**Input data**

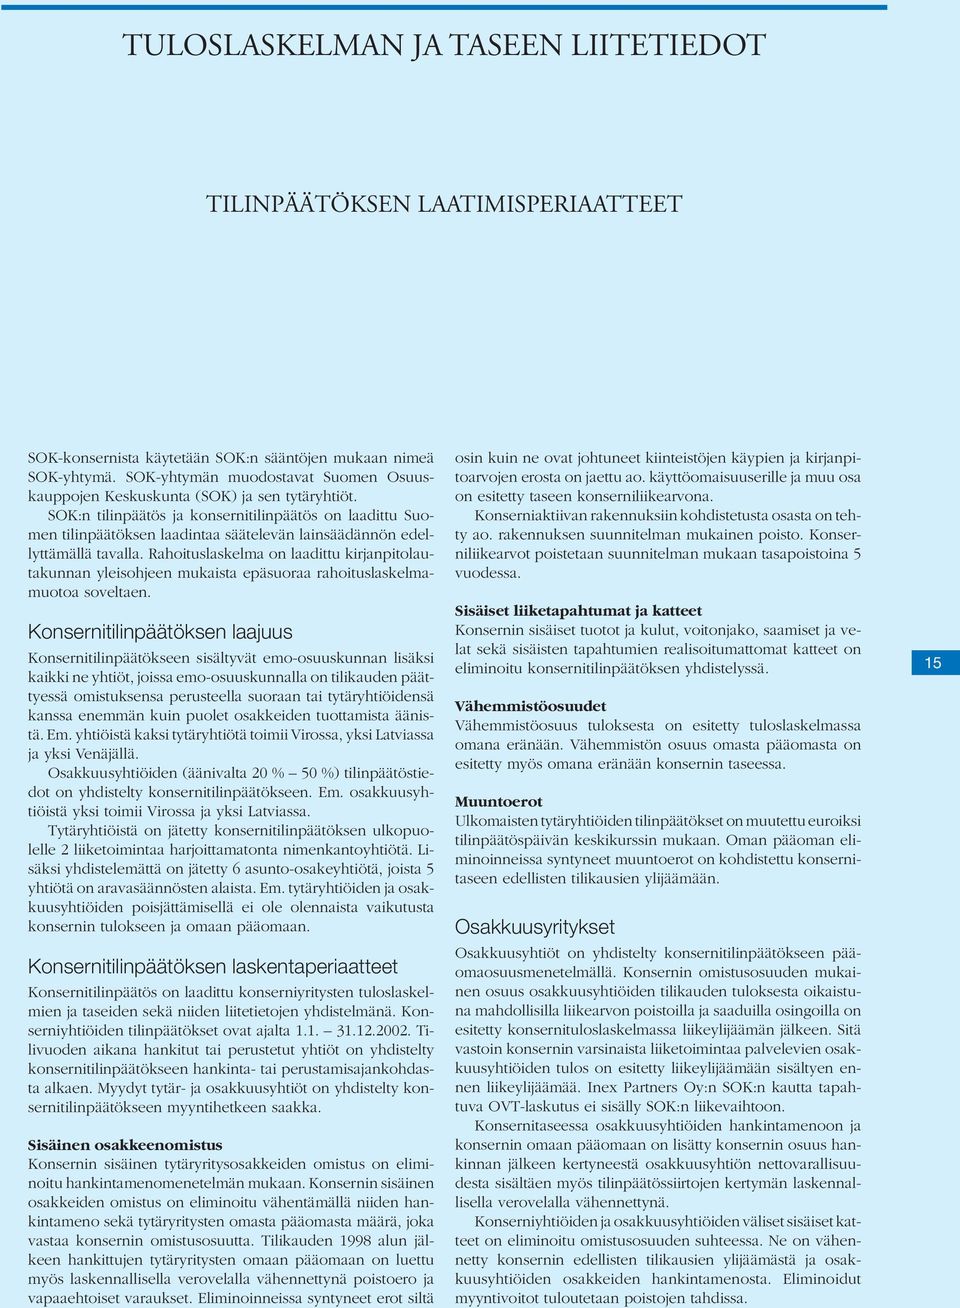 SOK:n tilinpäätös ja konsernitilinpäätös on laadittu Suomen tilinpäätöksen laadintaa säätelevän lainsäädännön edellyttämällä tavalla.
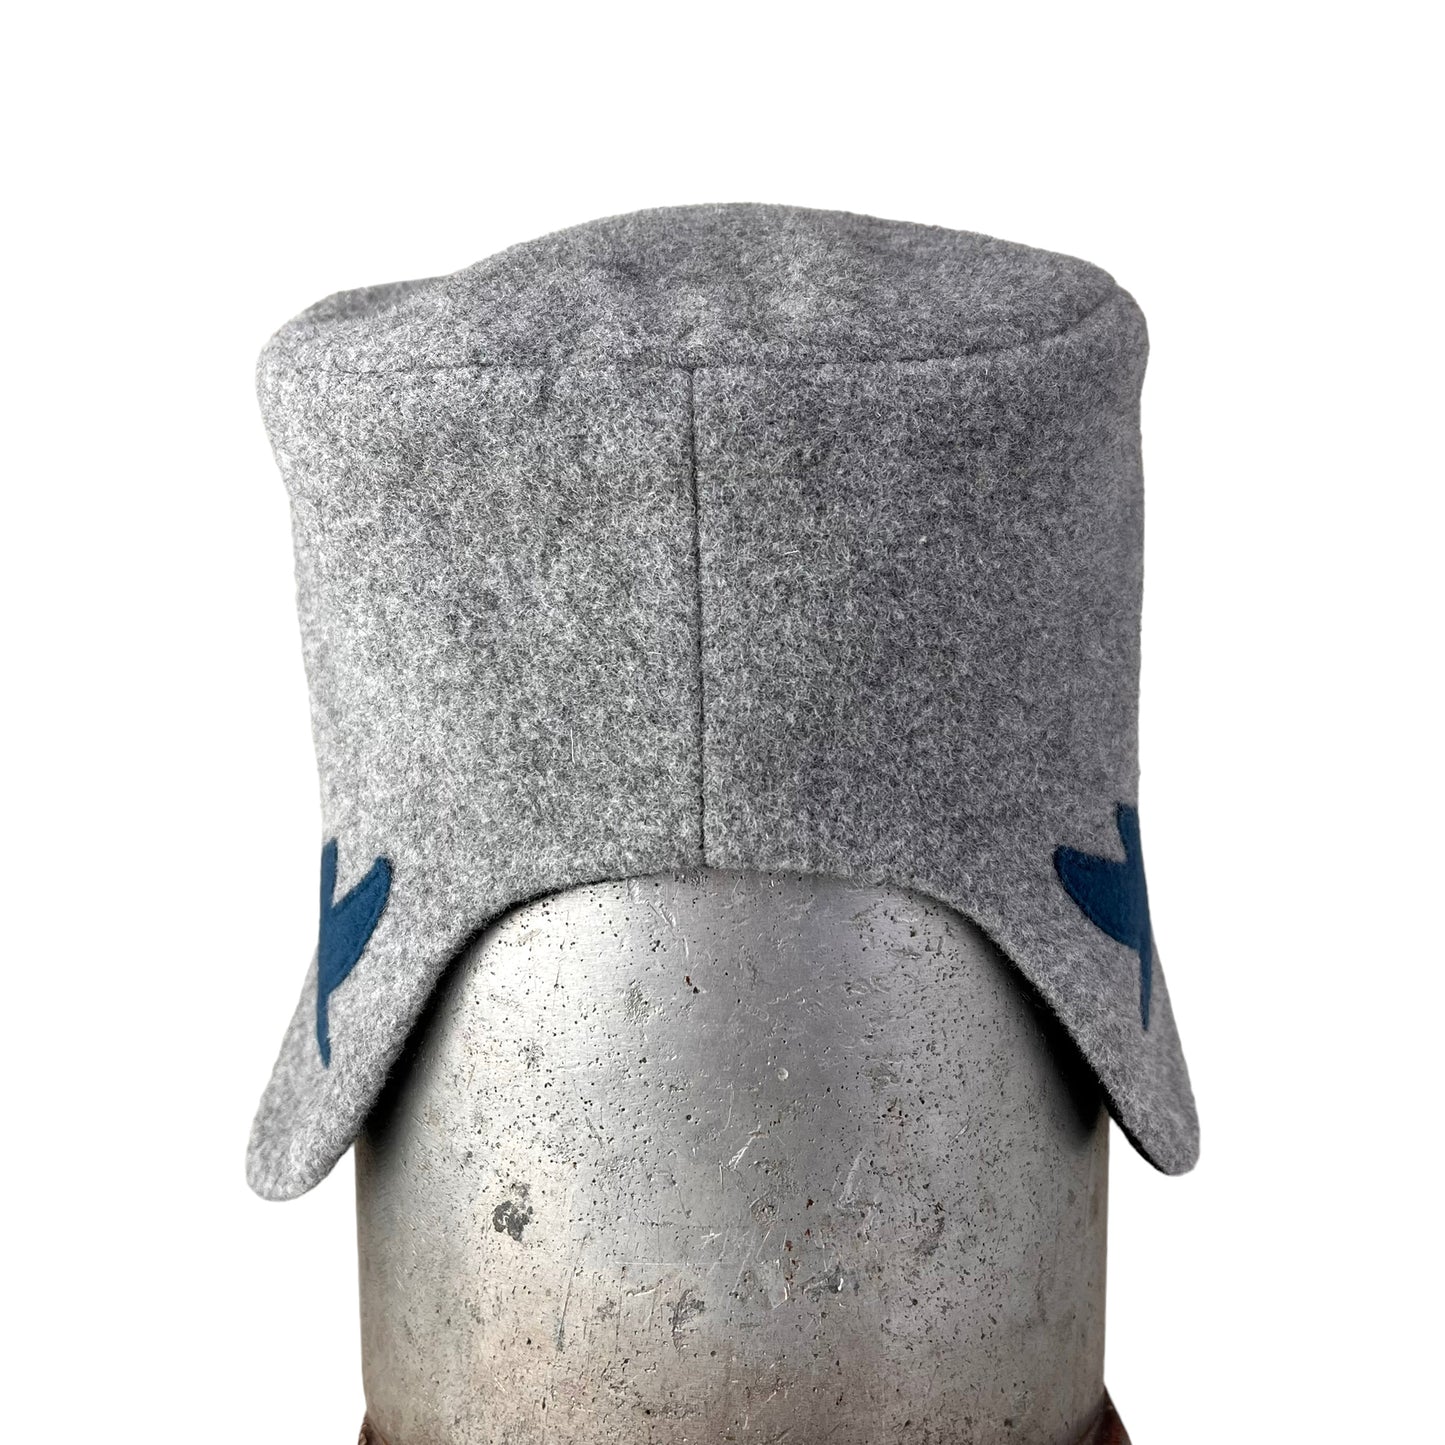 Amelia Wool Ear Flap Womens Helmet Hat Large Light Grey Blue
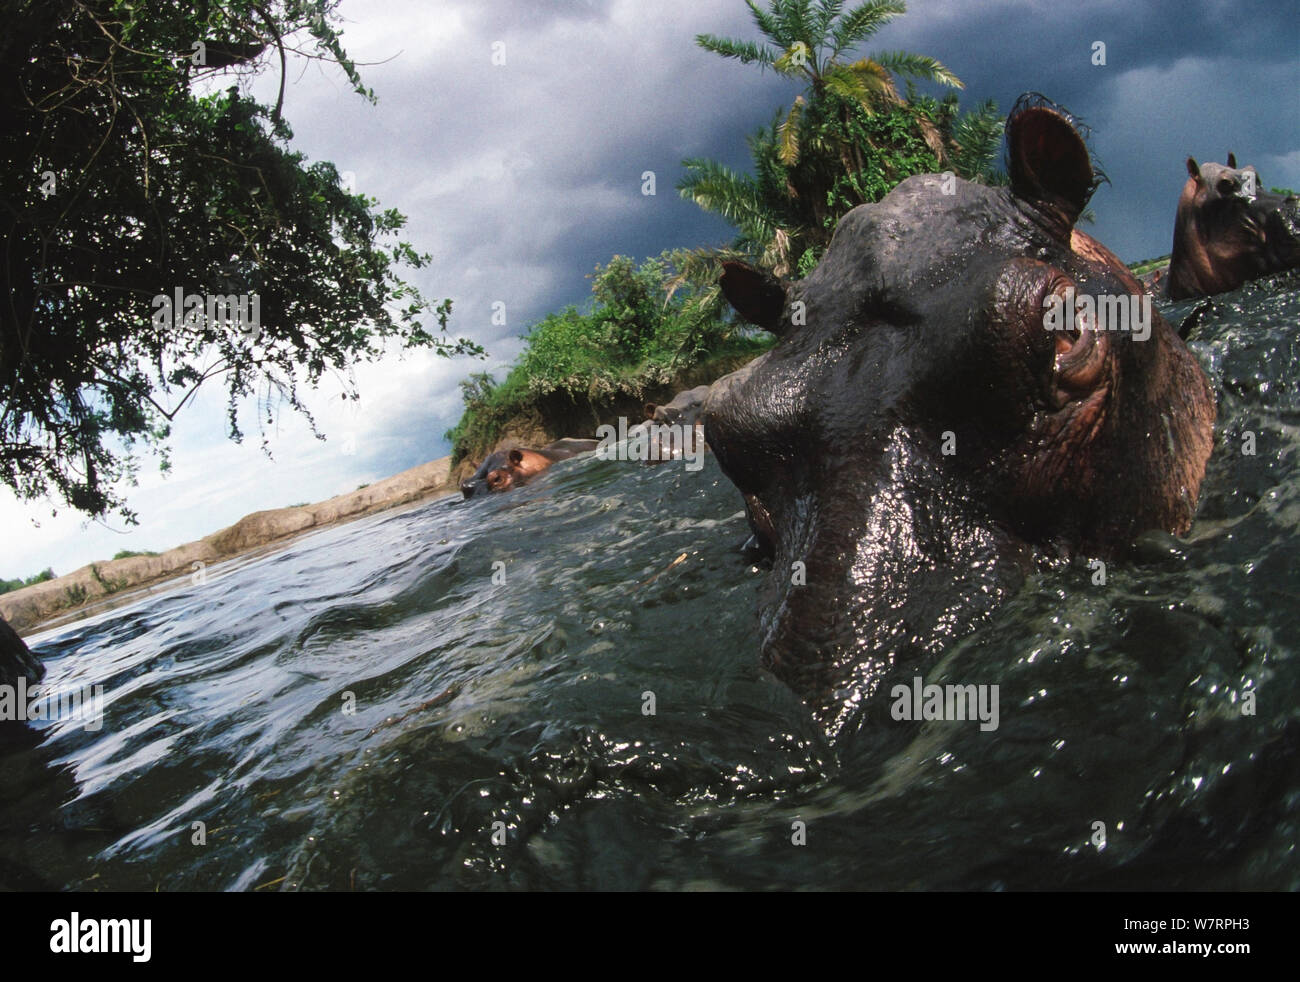 Hipopótamo (Hippopotamus amphibius) en Rutshuru río con proximidad de tormentas, tomada antes de que el sacrificio masivo de hipopótamos en la región al inicio del deterioro de la estabilidad durante el derrocamiento del Presidente Mobutu Sese Seko a mediados de la década de 1990. Noreste de Zaire, ahora República Democrática del Congo. Foto de stock

**Description of the task**
Restate the material above word for word, dropping the pictures.

**Reply to the task**
 SOK:n tilinpäätös ja konsernitilinpäätös on laadittu Suomen tilinpäätöksen laadintaa säätelevän lainsäädännön edellyttämällä tavalla.
 Amelia Wool Ear Flap Womens Helmet Hat Large Light Grey Blue
 Hipopótamo (Hippopotamus amphibius) en Rutshuru río con proximidad de tormentas, tomada antes de que el sacrificio masivo de hipopótamos en la región al inicio del deterioro de la estabilidad durante el derrocamiento del Presidente Mobutu Sese Seko a mediados de la década de 1990. Noreste de Zaire, ahora República Democrática del Congo. Foto de stock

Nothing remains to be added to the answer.